Paved Paradise – A Podcast About Housing in LA

When I first got to LA in 2003, it seemed like the land of opportunity. In my starry-eyed opinion, you could be anything you wanted, and enjoy a quality of life that included backyards, and swimming pools, and year-round sunshine. But that was always just an illusion – a shiny veneer smeared on a city on the brink. The truth was, it was becoming an impossible place to afford, even then, and the city-wide housing crisis can no longer be ignored. With gentrification sweeping neighborhoods across the city, home prices skyrocketing, long-time residents facing displacement, and our unhoused neighbors setting up tent cities under every freeway overpass, my conversations about livability in LA have been overwhelmingly dominated by discussions of housing. From artists to activists to young people just starting out, so many Angelenos are asking how they can find their place in the city without hurting anyone. But as one of my friends put it, “There’s no ethical consumption in the LA real estate market.”

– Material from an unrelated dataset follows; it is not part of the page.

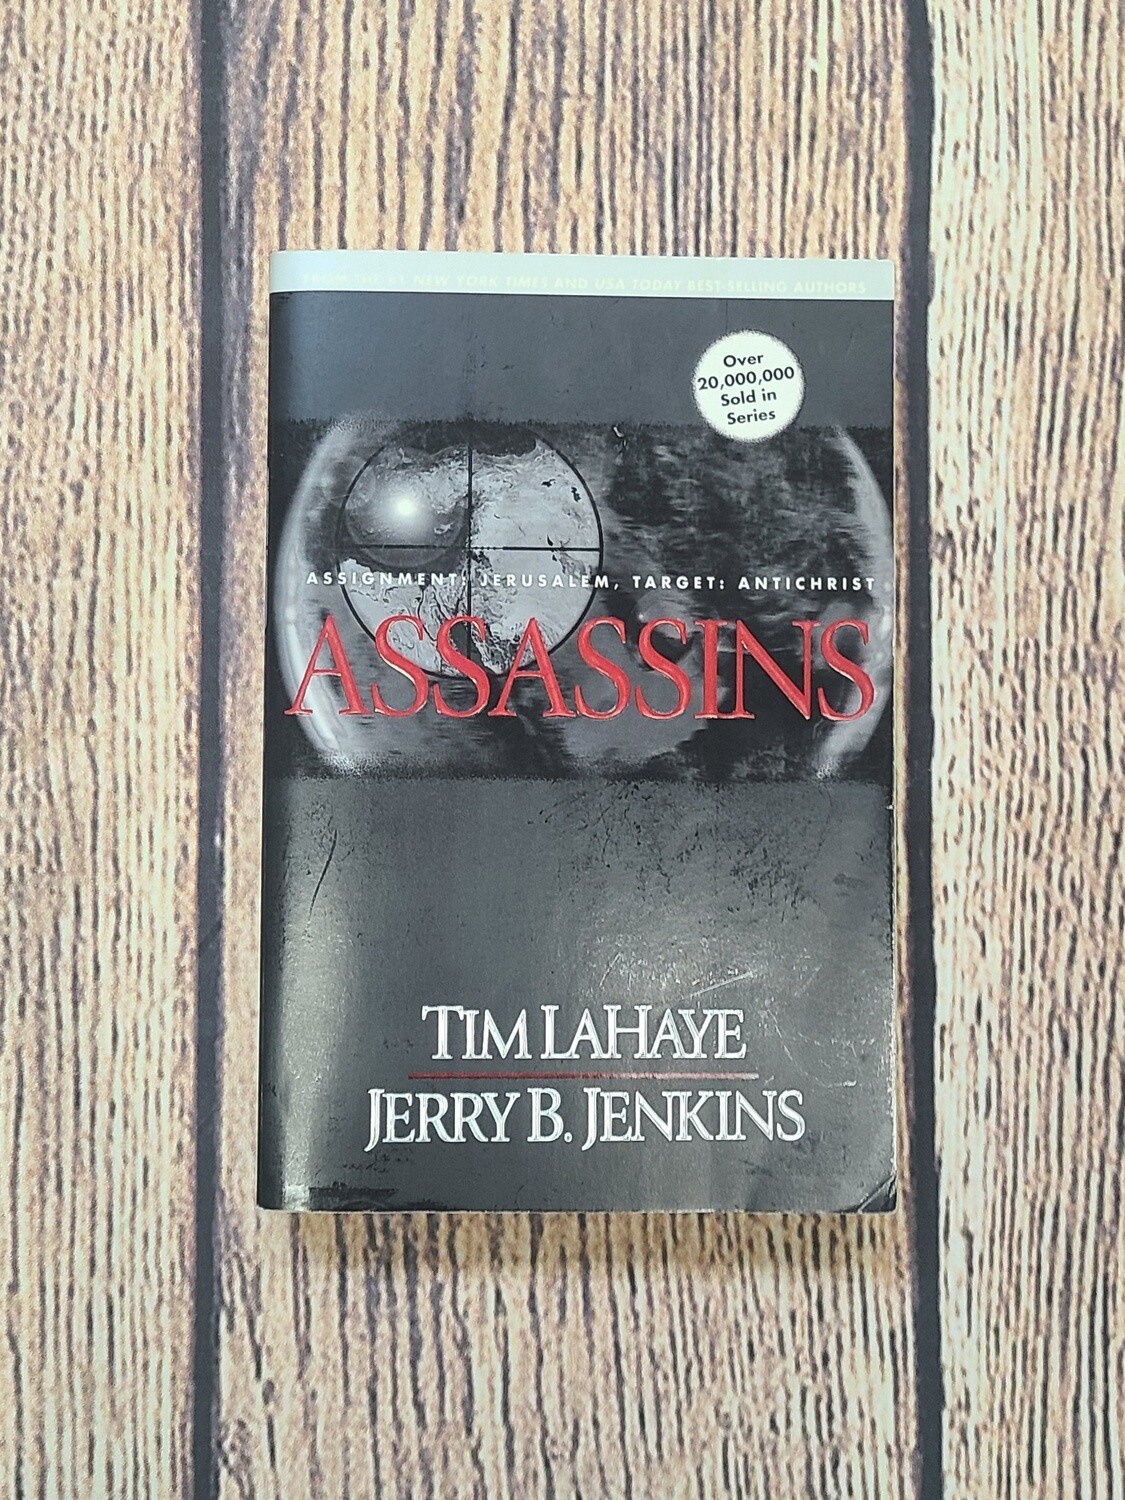 Assassins - Assignment: Jerusalem, Target: Antichrist by Time LaHaye & Jerry B. Jenkins - Paperback

So this podcast, which began as a broader investigation into the urban history of LA, has ended up about the core societal value of housing as a human right. It is told through the voices of residents,  activists, artists, and city officials. Together, we examine historical events and cultural contexts that have influenced our current housing mess, and talk with many people on the front lines of land use questions, anti-eviction work, tenants rights, and services for our growing numbers of unhoused neighbors. Throughout are the experiences of artists, who in many cases opened doors for me into communities and ongoing conversations about the culture of place, history, identity, and social cohesion – those intangible influences that mark social movements and may hold the key to collectively imagining a different future. This podcast was created between 2017 – 2019, so a lot has changed – but sadly, a lot has also stayed the same.

On the other side of listening to this, you will likely have more questions than answers – I know I still do. But at least we can walk together with our eyes wide open, through a city that is no longer working for its most vulnerable — and increasingly, for anyone at all. And maybe, just maybe, we can figure out how to seize back our right to the city.